In the mitochondrial DNA (mtDNA) of Capulus danieli, the number of A, T, G, and C bases was 4938, 6186, 2333, and 2183, respectively, constituting 31.57%, 39.55%, 14.92%, and 13.96% of the total bases. The A + T content was higher (71.12%) than the G + C content is lower (28.88%). The AT skew was −0.112, indicating a bias towards A over T, whereas the GC skew was 0.033. The length of the protein-coding gene (PCG) in Capulus danieli was 11,247 bp, with tRNA and rRNA lengths of 1439 and 2137 bp, respectively. mtDNA exhibited an AT base bias, with A + T content of 70.03%, 71.72%, and 73.04% in PCGs, tRNA, and rRNA genes, respectively. rRNA genes display the most significant bias towards A + T content (73.04%), exceeding G + C content (26.96%), with AT-skew at 0.083 and GC-skew at 0.139. Within protein-coding genes, the proportion of A bases was lower than that of T bases, with the largest difference observed in the AT base content percentages. In contrast, the difference in CG base content percentages is minimal, with AT-skew at −0.180 and GC-skew at 0.017 (Table 3). The control region segments typically exhibit a higher A + T content in mitochondrial gene sequences, making them prone to base mutations, thereby qualifying them as highly variable regions.

3.3. Mitochondrial Gene Codon Usage

In total, 3755 codons were present in the protein-coding genes (PCGs) of C. danieli. Among these, the UUA (L) codon exhibited the highest frequency of usage, occurring 351 times, followed by the relatively high-frequency UUU (F), AUU (I), and AUA (M) codons. The UAG codon was the least frequently used (Table 4). Analysis of the relative synonymous codon usage (RSCU) values for C. danieli revealed that TTA, TCT, CCT, and GCT were the top four preferred codons (Figure 3).

3.4. Selection Pressure Analysis

The Ka/Ks values for the 13 PCGs in Capulus danieli were below one (Figure 4), indicating that all 13 PCGs were subjected to purifying selection. As shown in Figure 4, the Ka value of cox1 was the lowest (0.002), whereas that of ND2 was the highest (0.256). Conversely, the Ks value of cox1 was the highest (11.49), whereas that of ND4L was the lowest (3.288).
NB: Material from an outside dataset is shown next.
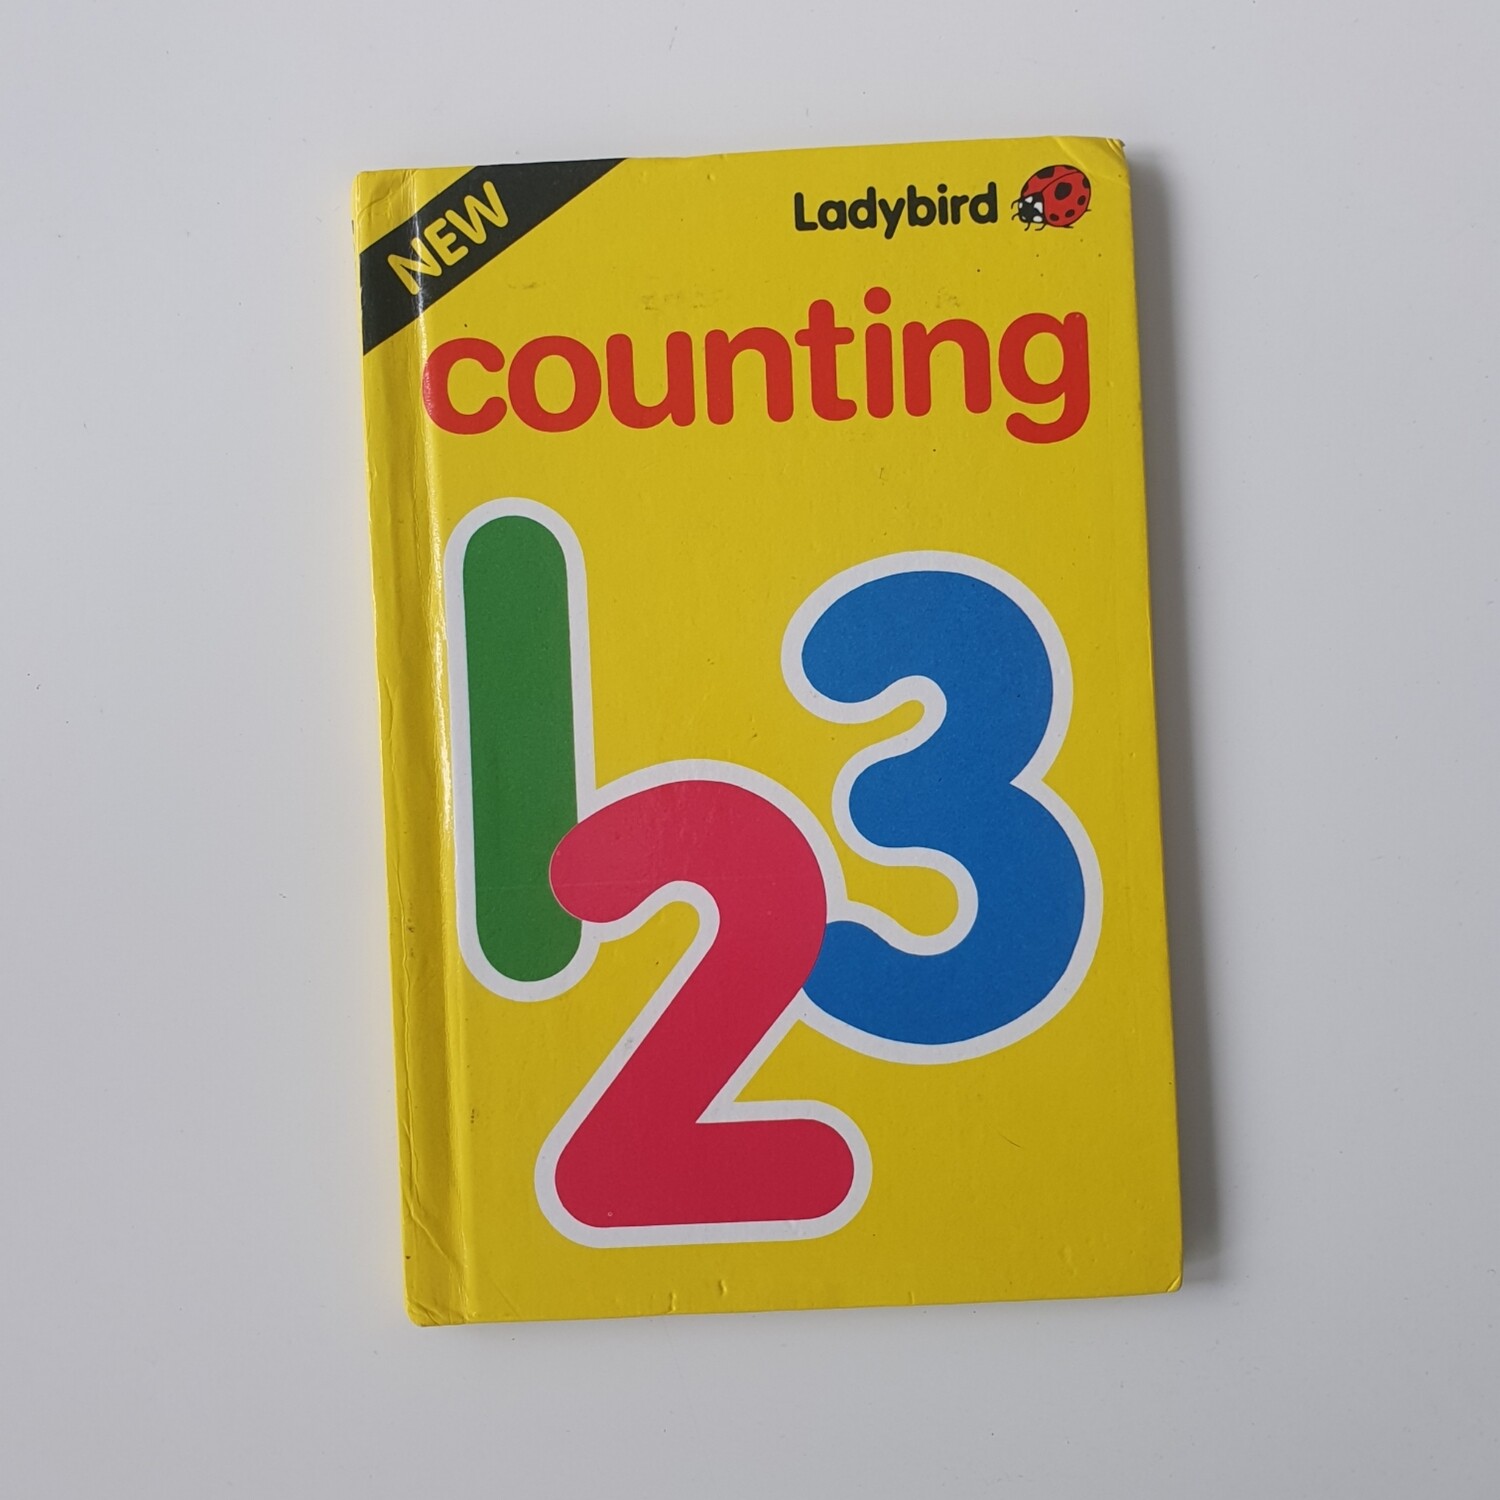 Counting - Ladybird Book, maths, teacher

Although there were variations in the Ka and Ks values among the 13 PCGs, all Ka/Ks values were less than 1, with ND2 exhibiting the highest Ka/Ks value (0.055) and cox1 showing the lowest Ka/Ks value (Ka/Ks = 0.002). This indicated that atp8 had the highest evolutionary rate under purifying selection pressure, followed by ND4L (Ka/Ks = 0.042). Conversely, cox1 had the slowest evolutionary rate, suggesting that it was the most conserved during evolution.

3.5. Mitochondrial Dna Microsatellites

Microsatellites, also known as simple sequence repeats (SSRs), arise from DNA slippage and misalignment during DNA replication or repair or from unequal exchange between sister chromatids during mitosis or meiosis. These short, repetitive sequences are valuable for species-specific identification.

In this study, three SSRs were identified in the mitochondrial genome of Capulus danieli (Table 5). All these SSRs consist of single nucleotide repeats and belong to the A/T motif type.

3.6. Phylogenetic Relationship

The Bayesian inference (BI) method was used to build a tree of 13 PCGs sequences from 25 species, of which two species, Chlamys farreri and Mizuhopecten yessoensis, were used as outgroups (Figure 5). The phylogenetic tree contained 13 families, each of which formed a monophyletic branch. Previous studies have demonstrated that this is reasonable [30,31,32]. The posterior probability value of most branches was one, and the overall topology was stable. From the overall perspective of the phylogenetic tree, the following evolutionary relationships were observed: (Neritimorpha + Patellogastropoda) + Vetigastropoda + Caenogastropoda). From the phylogenetic relationship of gastropoda, it could be seen that Haliotidae in Vetigastropoda was located in the basal position of the phylogenetic tree and was the earliest branch of the Limpet-like shell. The gastropods that appeared after this were mainly divided into two major branches: (Neritimorpha + Patellogastropoda) and Caenogastropoda. Capulus danieli has the closest genetic relationship with Ficus, which also belongs to the Littorinimorph. Capulus danieli had a distant phylogenetic relationship with the limpet-like shell species Neritimorpha,Patellogastropoda, and Caenogastropoda, and was not within the same major branch. A Limpet-like shell appeared in multiple branches of the phylogenetic tree, indicating that it has evolved independently several times in Gastropoda. Statistically, limpet-like shells occur in at least 54 families of gastropods [17].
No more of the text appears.